= Solar-pumped laser =

A solar-pumped laser (or solar-powered laser) is a laser that shares the same optical properties as conventional lasers such as emitting a beam consisting of coherent electromagnetic radiation which can reach high power, but which uses solar radiation for pumping the lasing medium. This type of laser is distinct from other types in that it does not require any artificial energy source.

==Lasing media==

The two most studied lasing media for solar-pumped lasers have been iodine, with a laser wavelength of 1.31 micrometers, and NdCrYAG, which lases at 1.06 micrometers wavelength. Solar-pumped semiconductor lasers have also been proposed by Landis and others.

==Applications==

Solar-pumped lasers are not used commercially because the low cost of electricity in most locations means that other more efficient types of lasers that run on electrical power can be more economically used. However, solar-pumped lasers might become useful in off-grid locations.

===Nanopowders===

Very fine dispersed powders can be produced by the use of laser synthesis technology.

===Hydrogen production===

A leader in this field is Shigeaki Uchida and his team in Japan (Tokyo/Osaka). Their design uses Fresnel lenses and a solar-pumped NdCrYAG laser to drive a magnesium-based cycle, which produces hydrogen gas as its product.

===Potential spacecraft applications===

Since there is no "grid" power in space, most spacecraft today use solar power sources, mostly photovoltaic solar cells. Powering lasers requires high levels of power, so the inefficiency of PV solar cells (usually less than 27% efficiency) motivates interest in solar pumping of lasers.
Other potential benefits of solar-pumped lasers might be reduced mass and number of components, affording higher reliability (reduced number of failure modes) compared to an electrically pumped laser powered from PV cells. They can also be used for deep space communications, sensors for conditions on Earth, detecting and tracking objects in space, as well as power transmission.

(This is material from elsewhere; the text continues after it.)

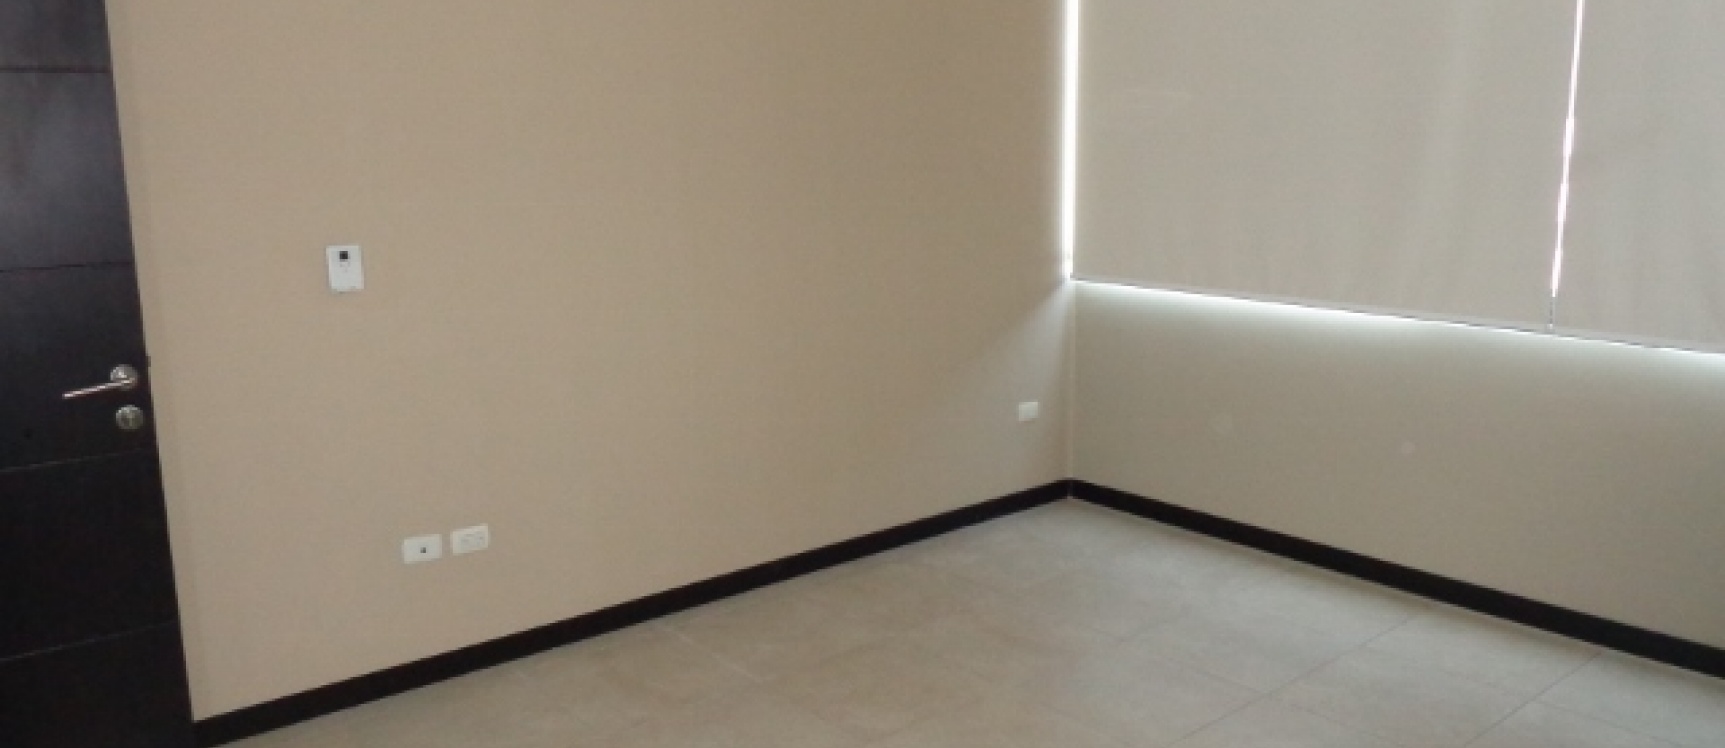 GeoBienes - Suite en Alquiler en Ciudad del Rio Bellini, Guayaquil. - Plusvalia Guayaquil Casas de venta y alquiler Inmobiliaria Ecuador

====Solar-energy conversion====

There have been proposals to use solar-pumped laser to improve solar-energy conversion efficiently, taking advantage of laser amplification and intra-cavity use of a low-efficiency converter such as PV cells.

==Current research==
A proposal to use the solar furnace of Uzbekistan to power a solar-pumped Nd:YAG laser would have been the world's largest system of its kind, at up to 1 MW of solar input power.
However, current research efforts are focused on combining the output from several smaller concentrators, an approach that is much more achievable.